##### SOURCE DATA #####
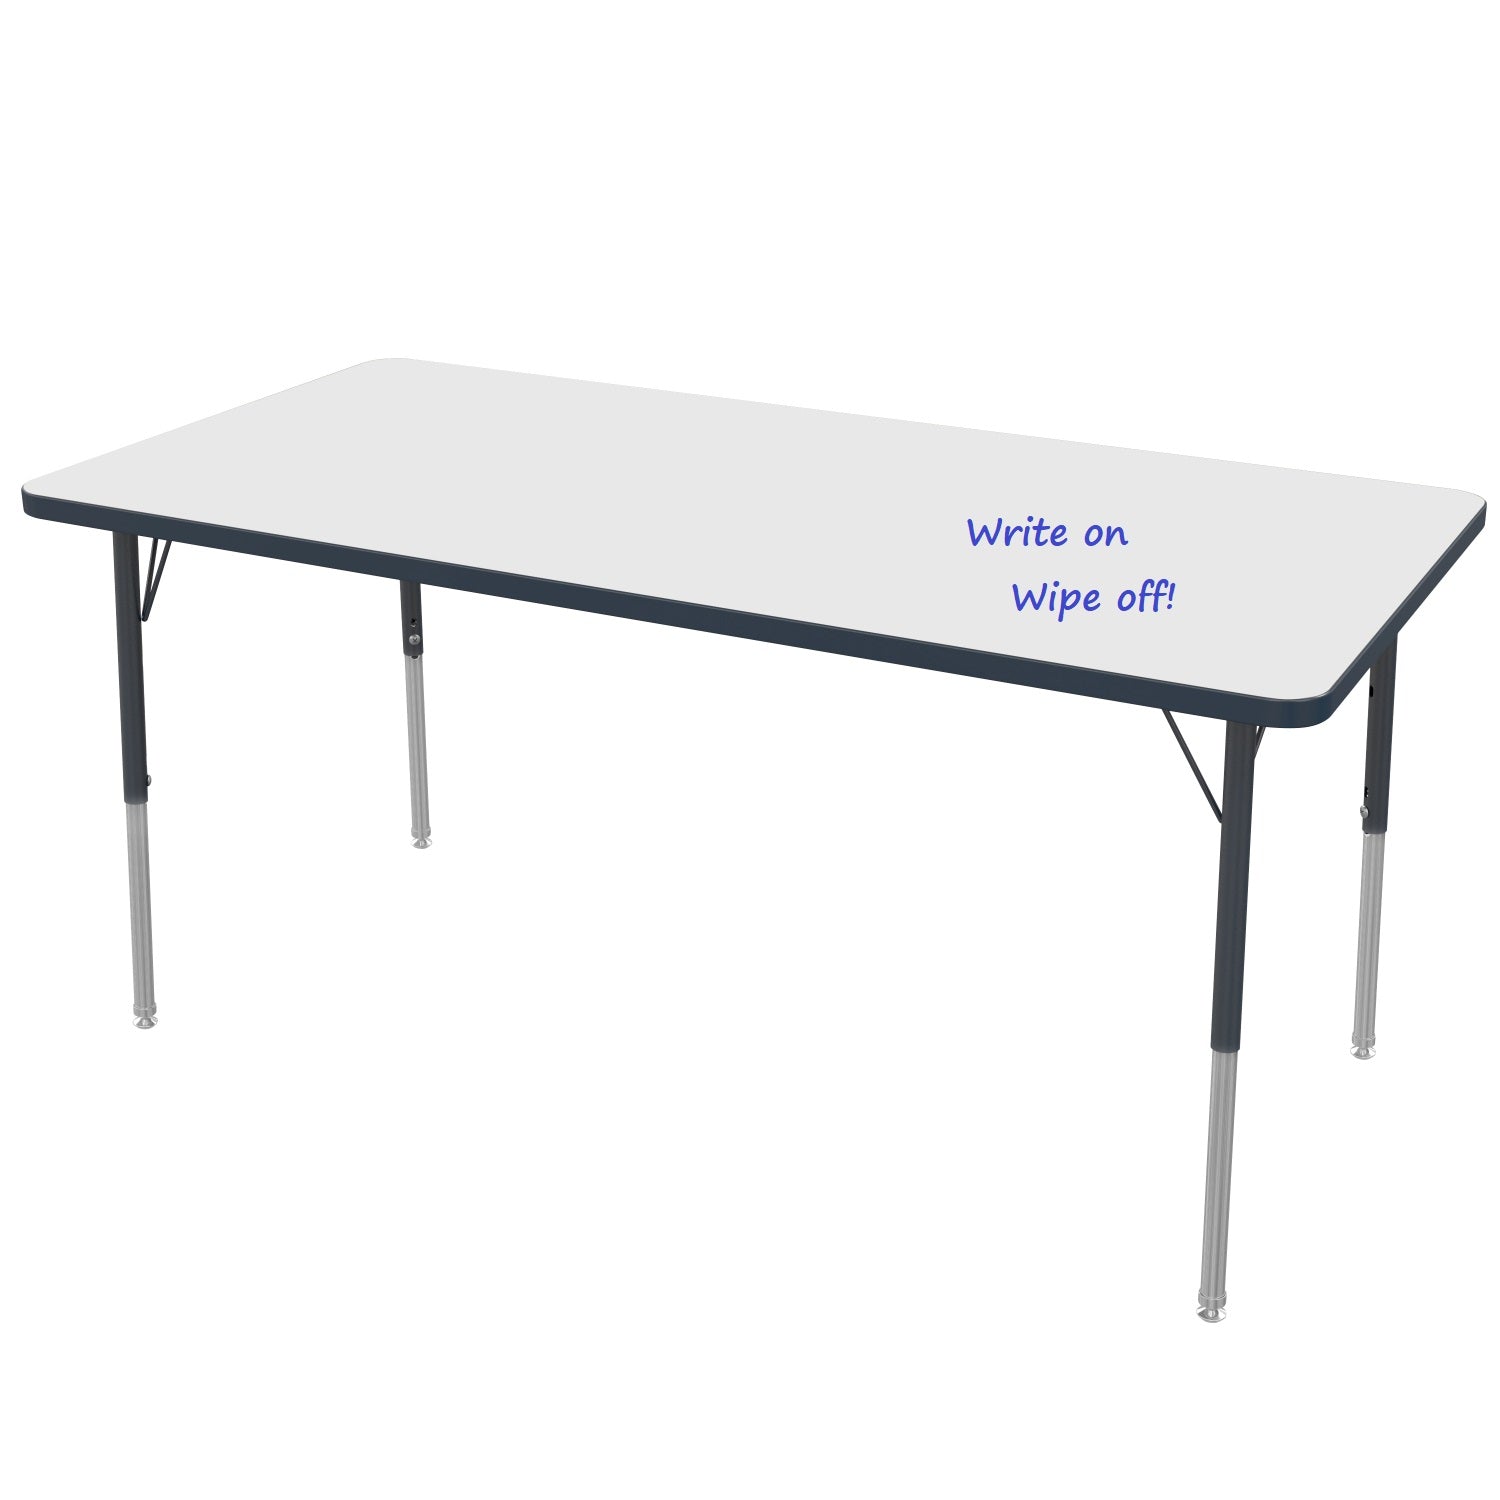 MG Series Adjustable Height Activity Table with White Dry Erase Markerboard Top, 30" x 60" Rectangle
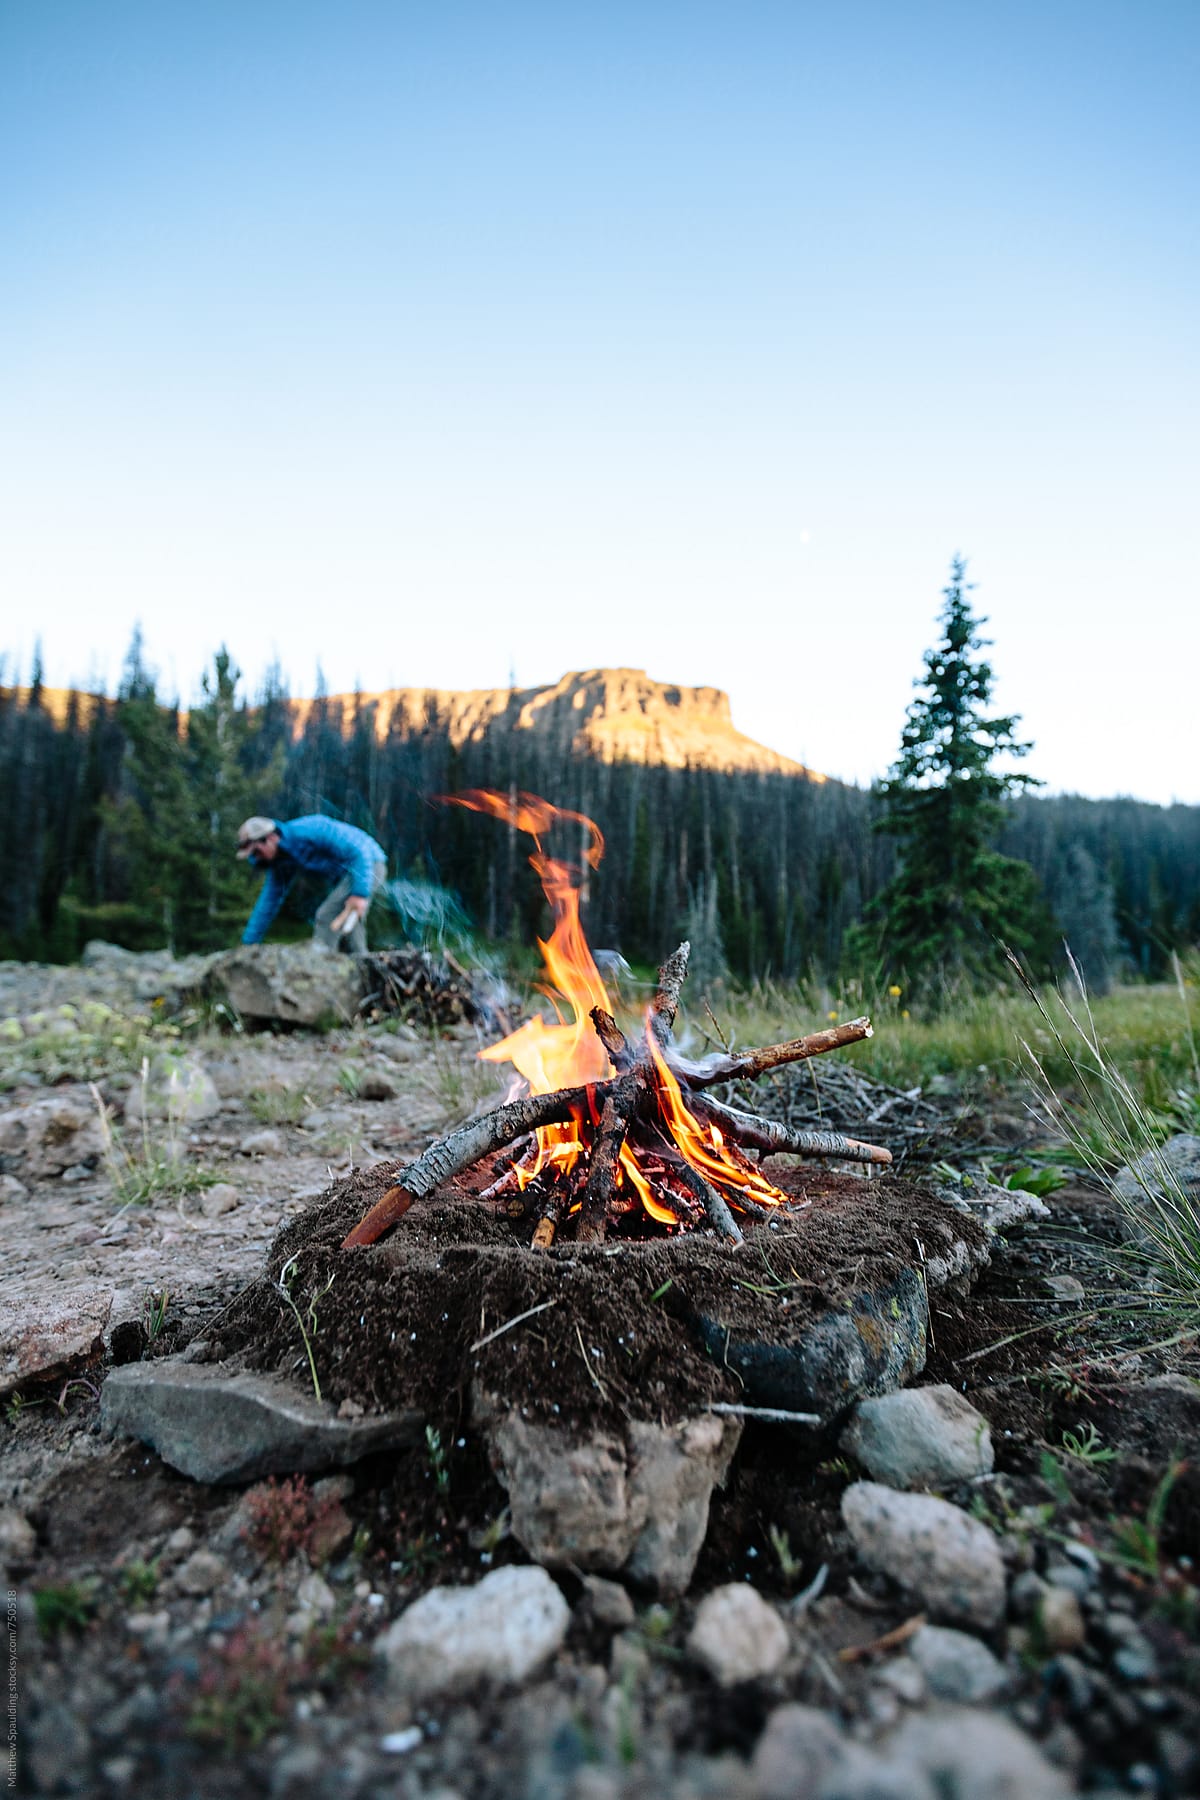 Man gathering wood and assembling small fire for camping
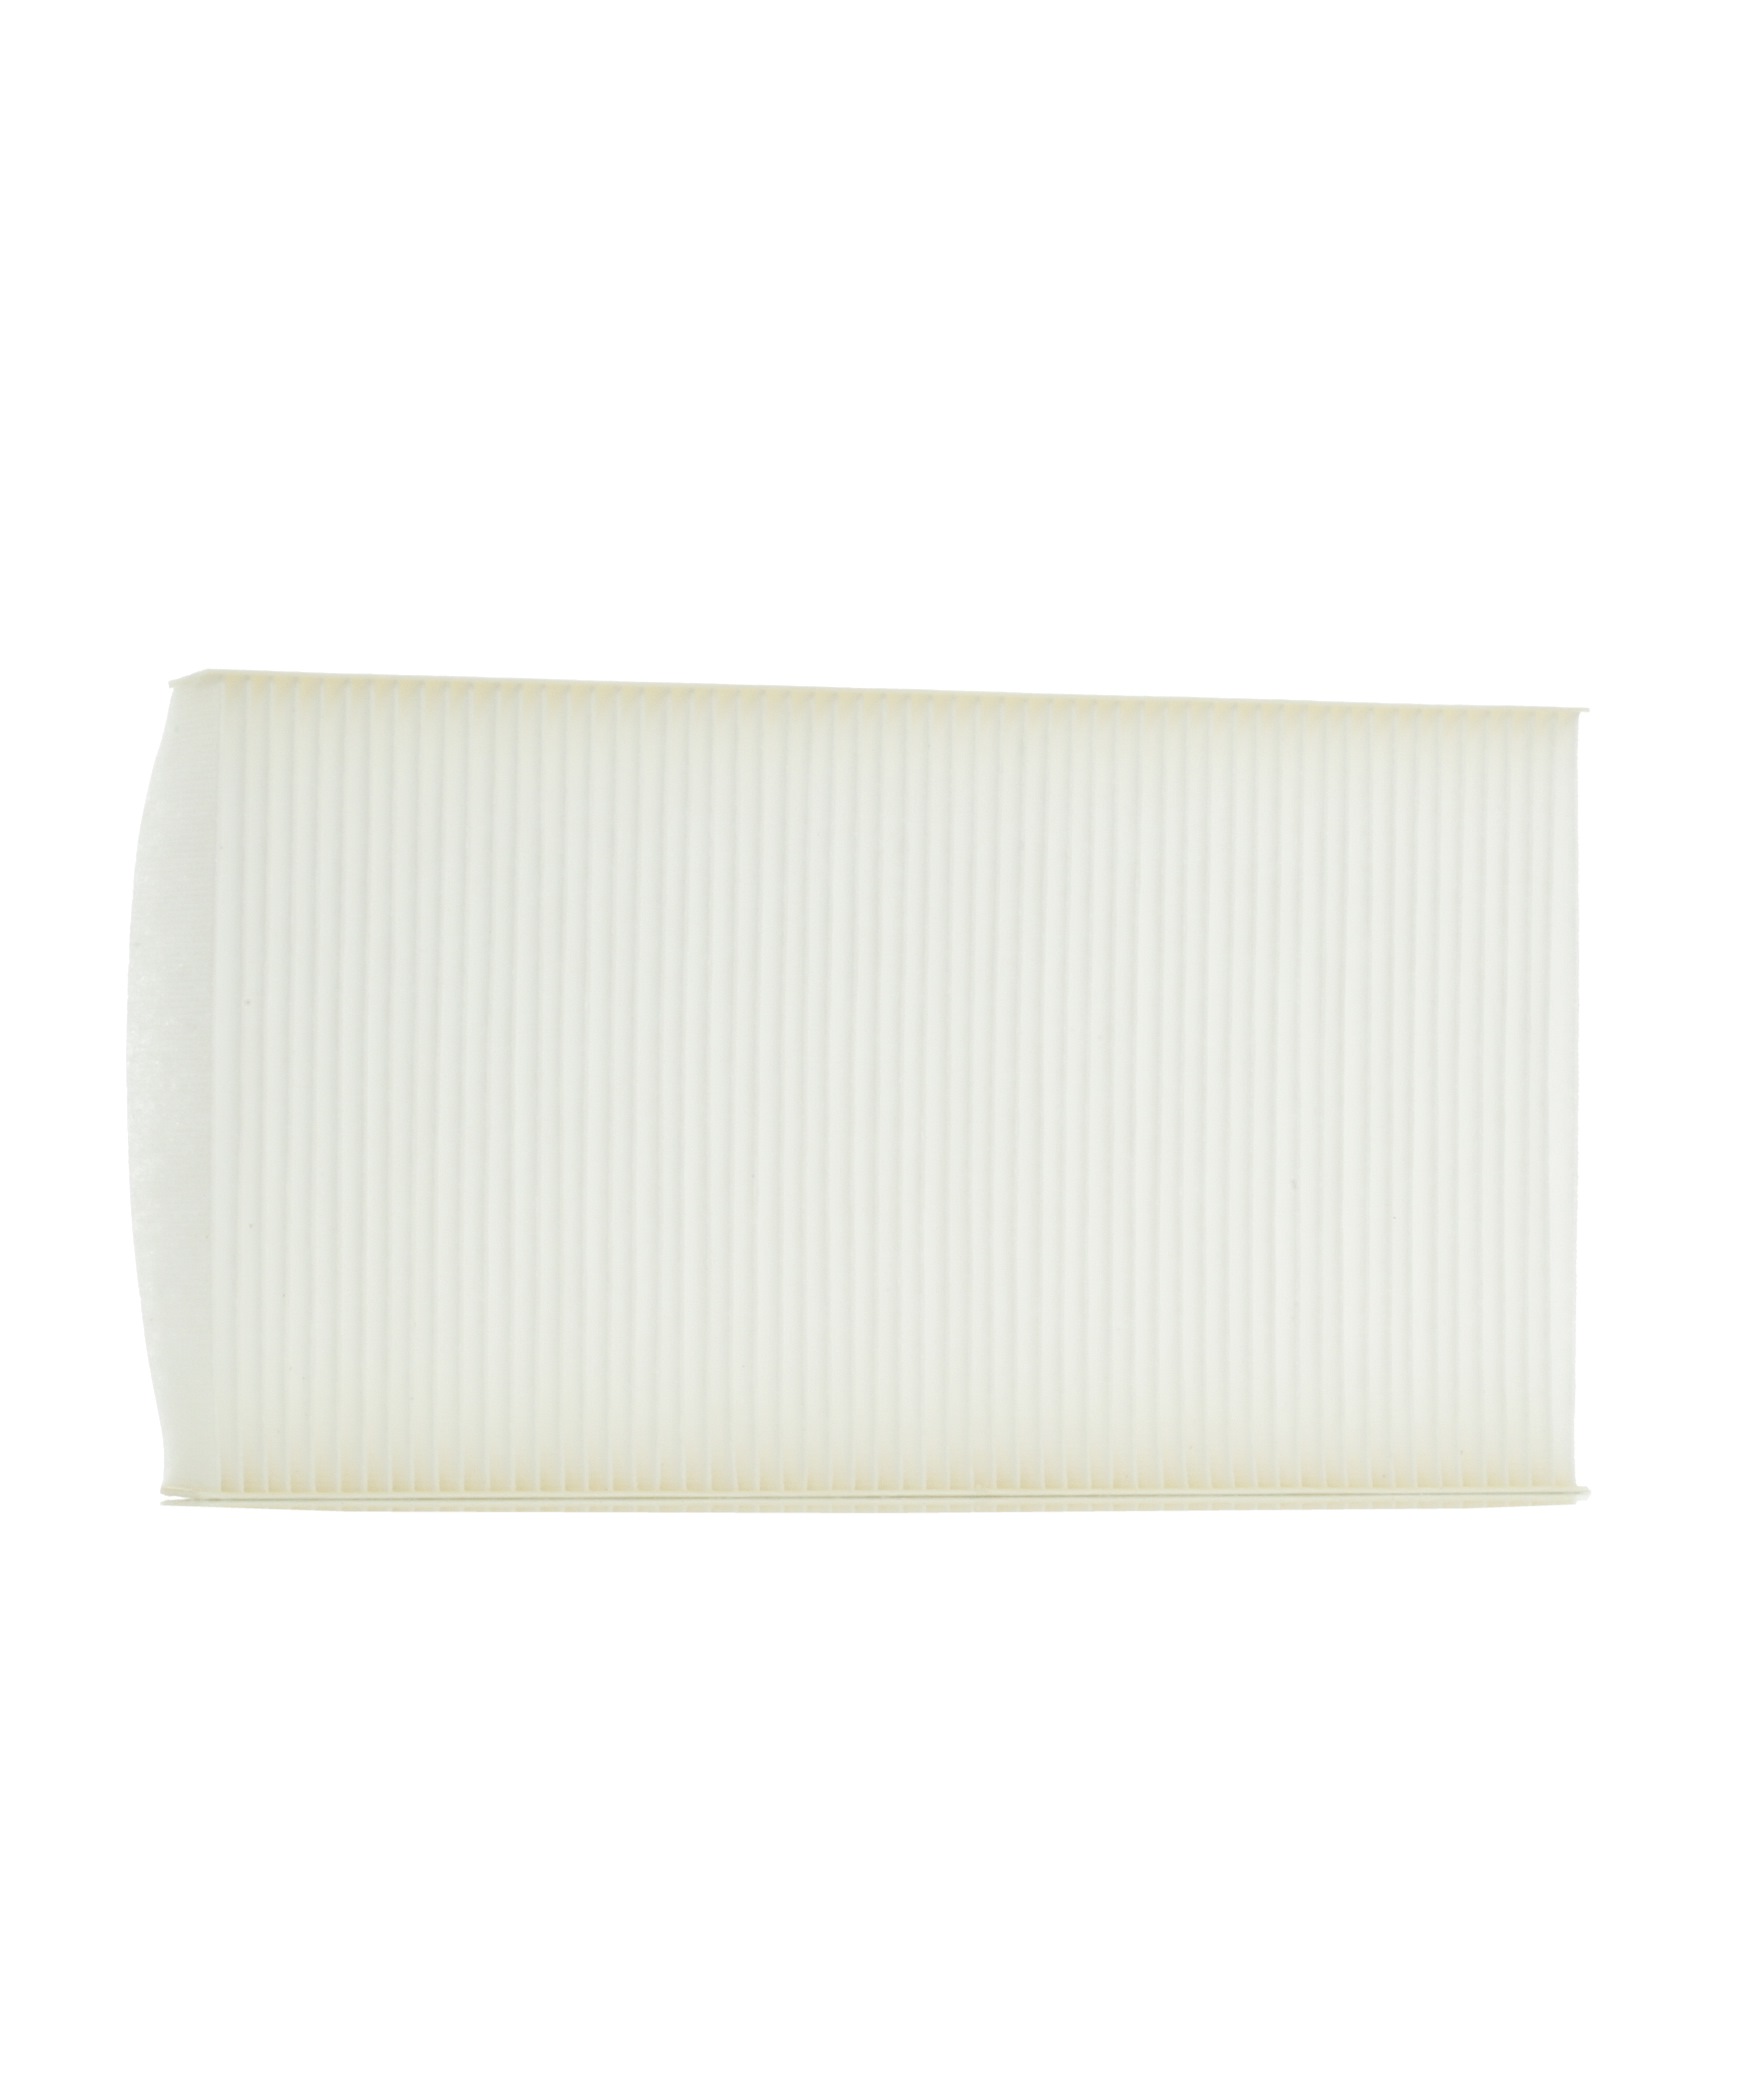 698197 VALEO Pollen filter IVECO Particulate Filter, 288 mm x 160 mm x 30 mm
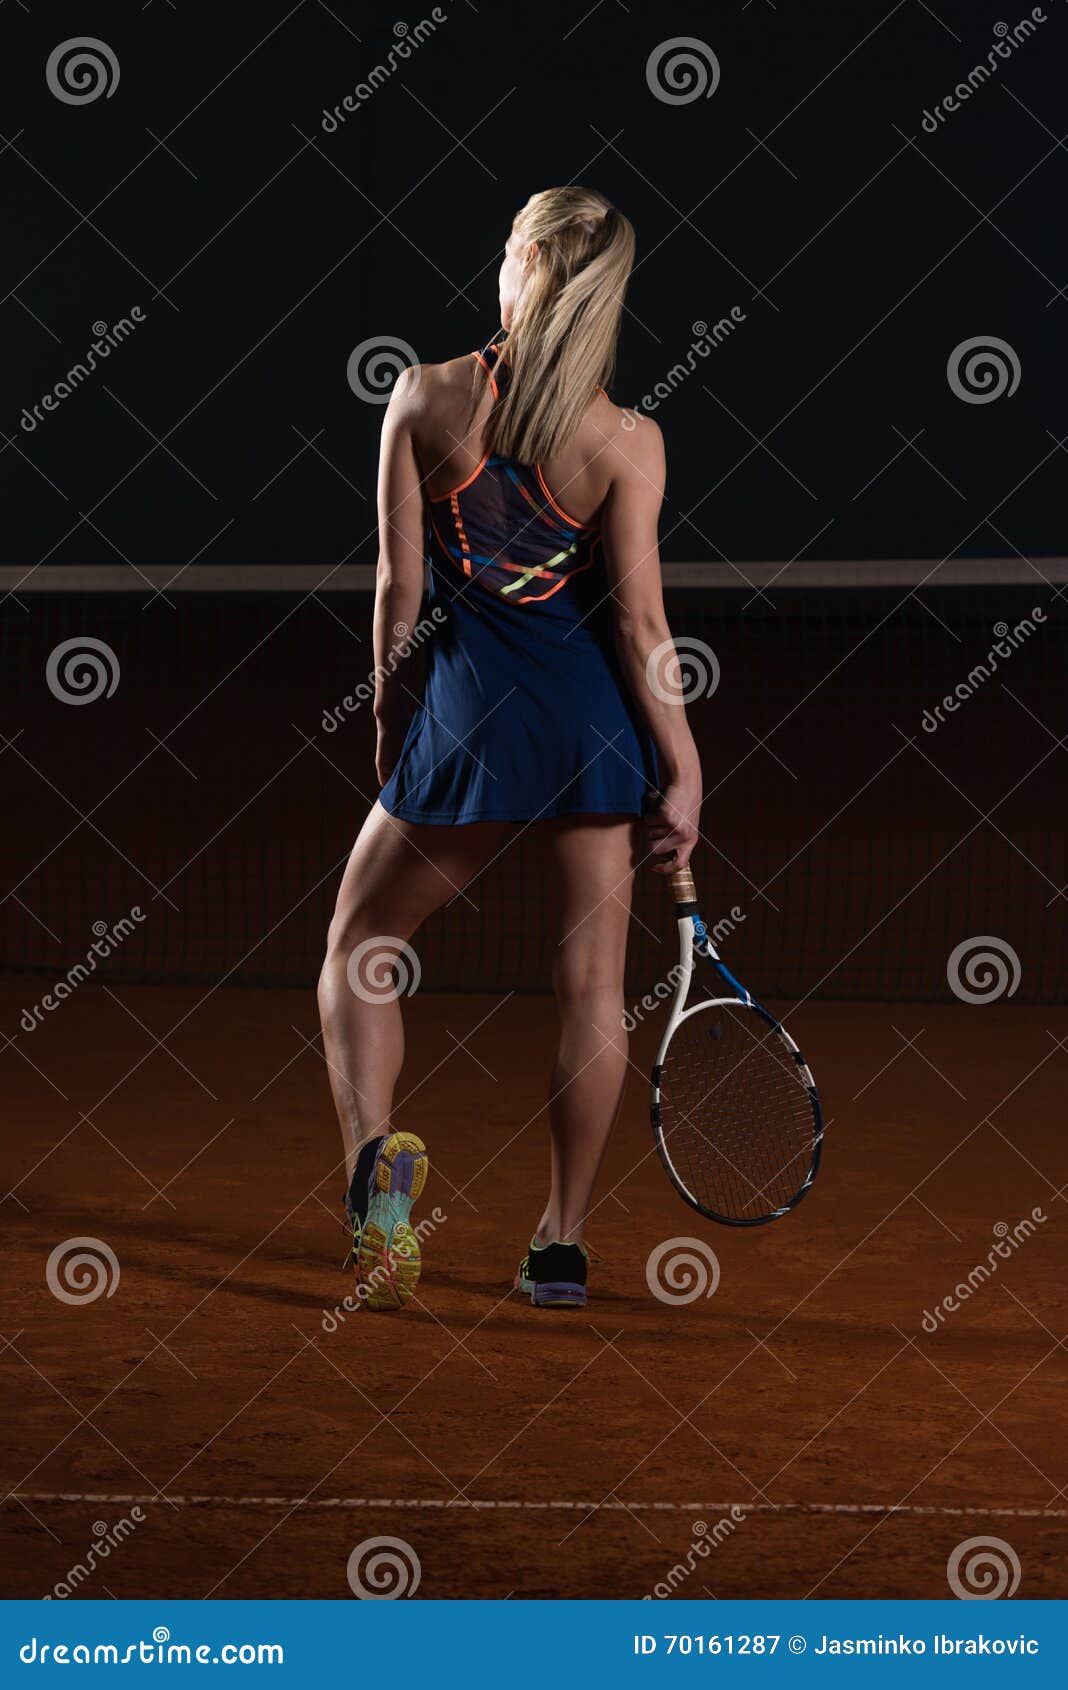 back view of young fit tennis player
#####
## ASSIGNED TASK:
Would you output the data above exactly as written, but with no images?

## REPLY TO THE EXERCISE:
 MG Series Adjustable Height Activity Table with White Dry Erase Markerboard Top, 30" x 60" Rectangle
 Man gathering wood and assembling small fire for camping
 698197 VALEO Pollen filter IVECO Particulate Filter, 288 mm x 160 mm x 30 mm
 back view of young fit tennis player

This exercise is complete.